$$\int_0^{2\pi} \sqrt{a^2 +b^2+2ab \cos\varphi}\,\mathrm{d}\varphi$$
Where $a$ and $b$ are constants. I had to find the distance travelled by a point at a distance of $b$ from the centre of a rolling disc with radius $a$ in one full rotation. I got the final answer as this integral, but I was not able to solve this integral.
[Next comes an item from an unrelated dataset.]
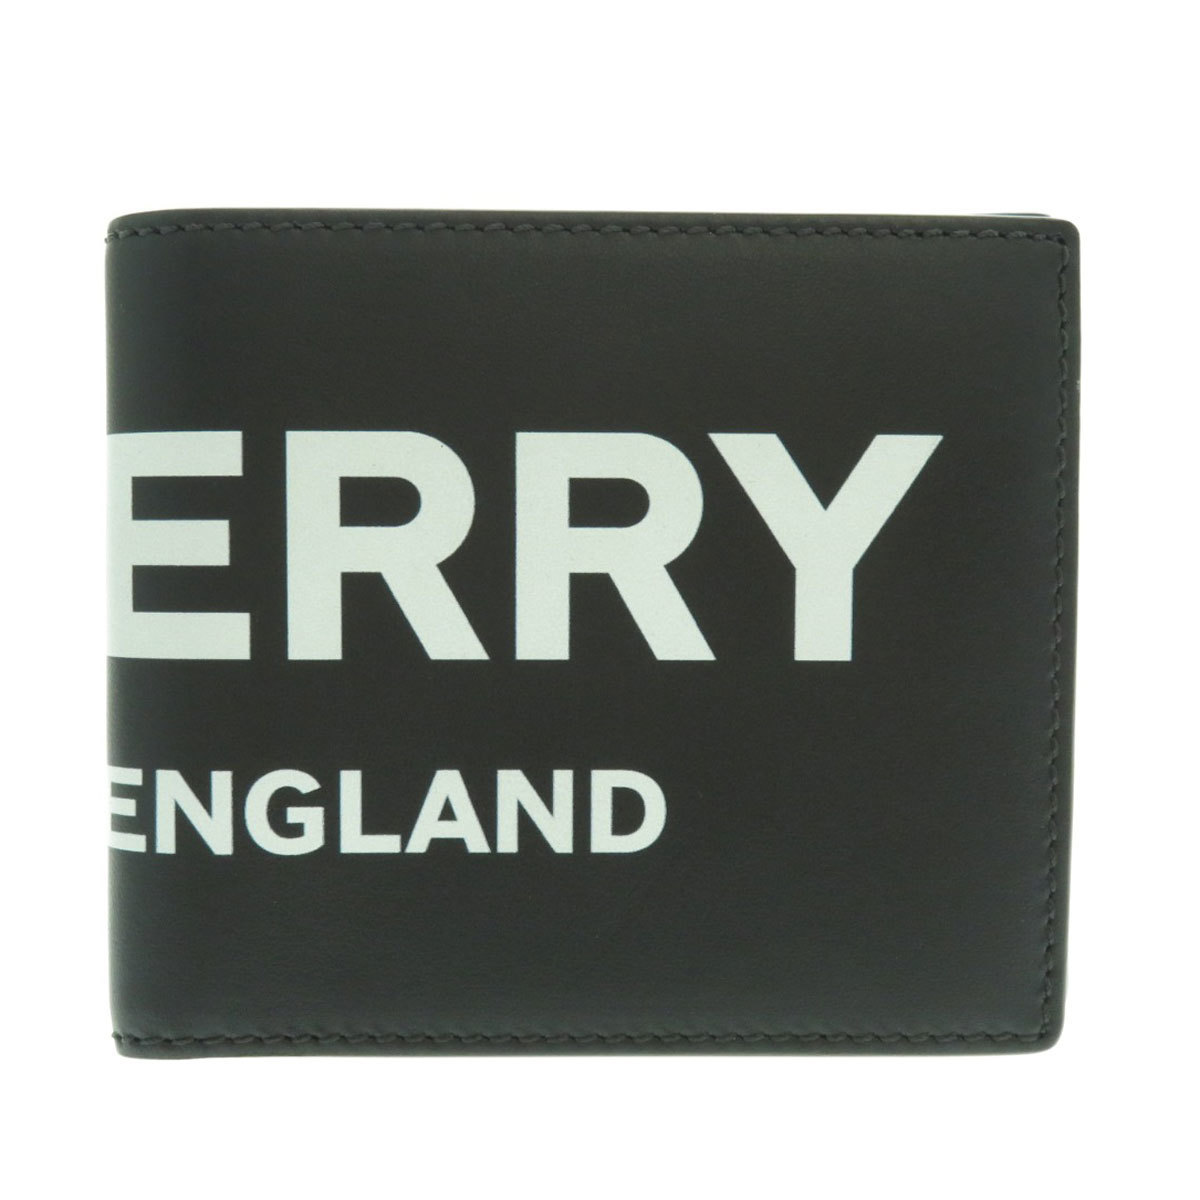 Burberry logo motif bi-fold wallet leather men's

First consider the integrand \begin{align} \sqrt{a^{2} + b^{2} + 2 a b \cos(\phi)} \end{align} which can be seen as \begin{align} \sqrt{a^{2} + b^{2} + 2 a b \cos(\phi)} &= \sqrt{(a+b)^{2} - 4ab \sin^{2}\left(\frac{\phi}{2}\right) } \\ &= (a+b) \sqrt{ 1 - \left( \frac{4ab}{(a+b)^{2}} \right) \, \sin^{2}\left( \frac{\phi}{2}\right) }. \end{align} Now, \begin{align} I &= \int_{0}^{2\pi} \sqrt{a^{2} + b^{2} + 2 a b \cos(\phi)} \, d\phi \\ &= (a+b) \, \int_{0}^{2\pi} \sqrt{ 1 - \left( \frac{4ab}{(a+b)^{2}} \right) \, \sin^{2}\left( \frac{\phi}{2}\right) } \, d\phi \\ &= 2(a+b) \int_{0}^{\pi} \sqrt{1- k^{2} \sin^{2}(x) } \, dx \end{align} where $(a+b)^{2} k^{2} = 4ab$. The integral remaining if the complete elliptical integral of the second kind. The "solution" of the integral is \begin{align} I = 4(a+b) E\left(\frac{4ab}{(a+b)^{2}}\right). \end{align}
Hence, \begin{align} \int_{0}^{2\pi} \sqrt{a^{2} + b^{2} + 2 a b \cos(\phi)} \, d\phi = 4(a+b) E\left(\frac{4ab}{(a+b)^{2}}\right). \end{align}